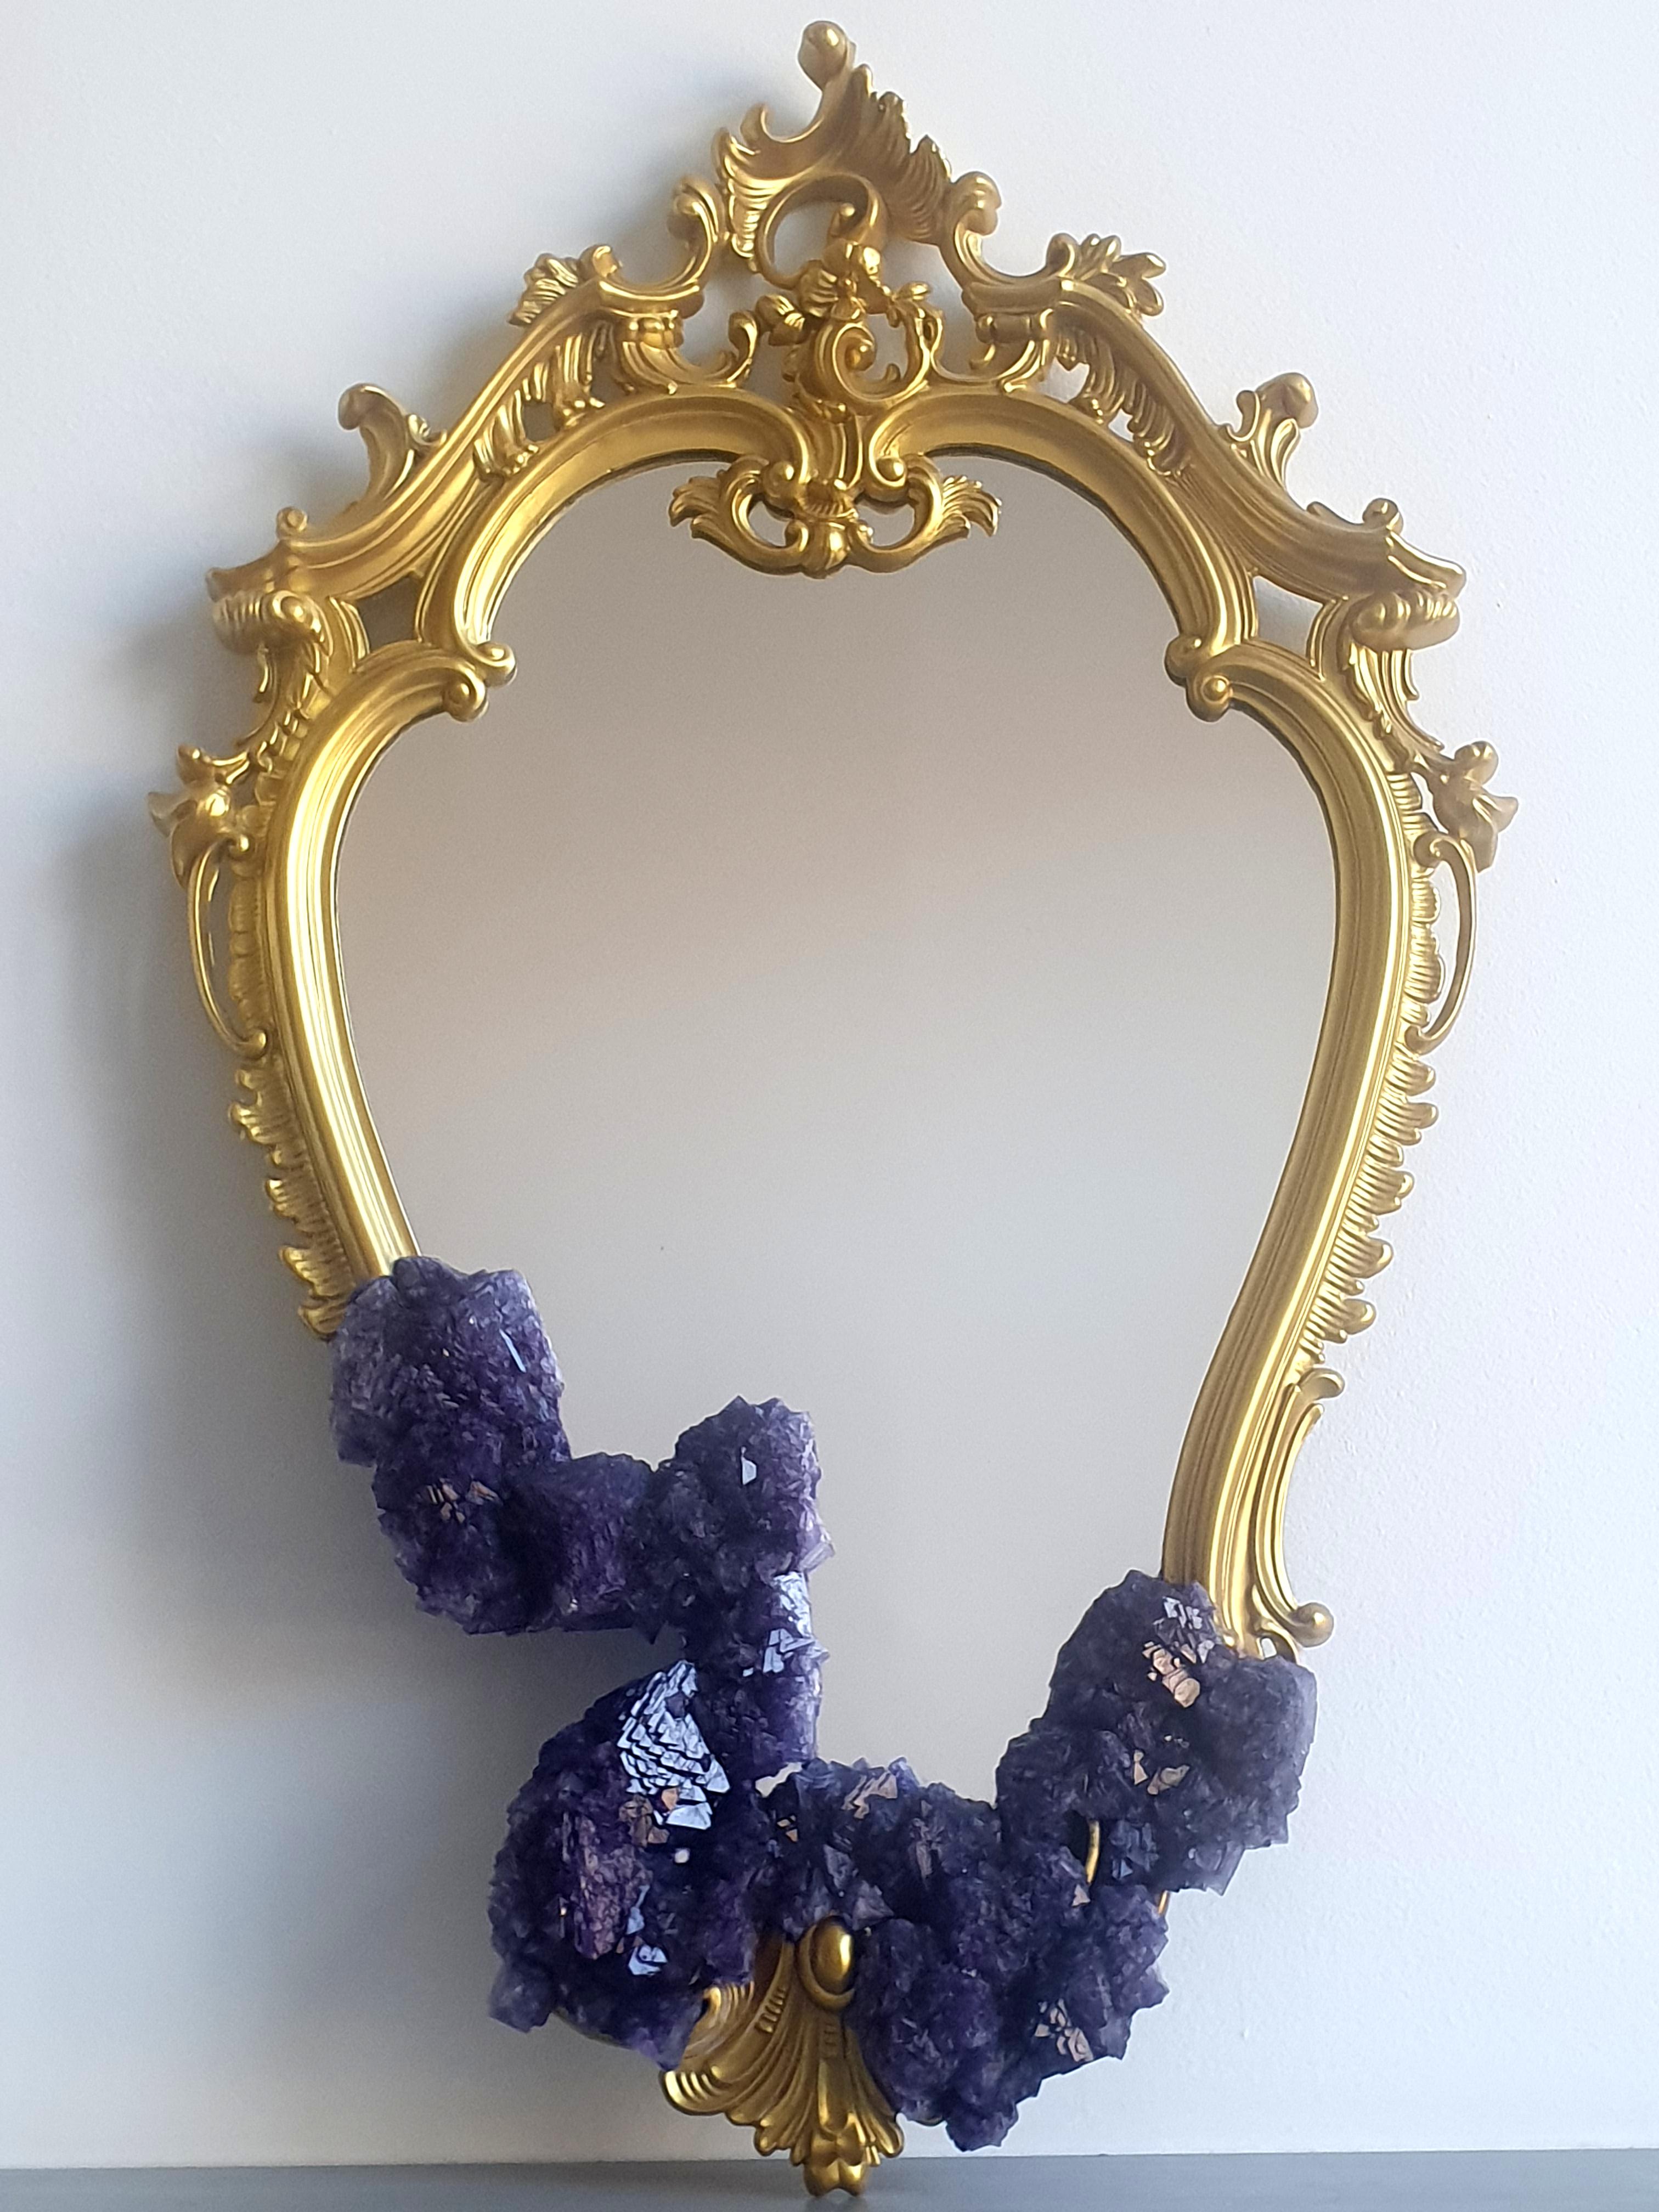 Classic Crystallized mirror by Mark Sturkenboom
Dimensions : L 90 x W 52cm
Materials: Metal and natural crystals

Mark Sturkenboom (Driebergen, 1983) is an artist that graduated with honors in 2012 at Artez Academy for the Arts in

============================================================

EXERCISE DIRECTIONS: Take the lines from the one containing "Materials: Metal and natural crystals" to the last line of the material above and write them out exactly.

OUTPUT OF THE TASK:
Materials: Metal and natural crystals

Mark Sturkenboom (Driebergen, 1983) is an artist that graduated with honors in 2012 at Artez Academy for the Arts in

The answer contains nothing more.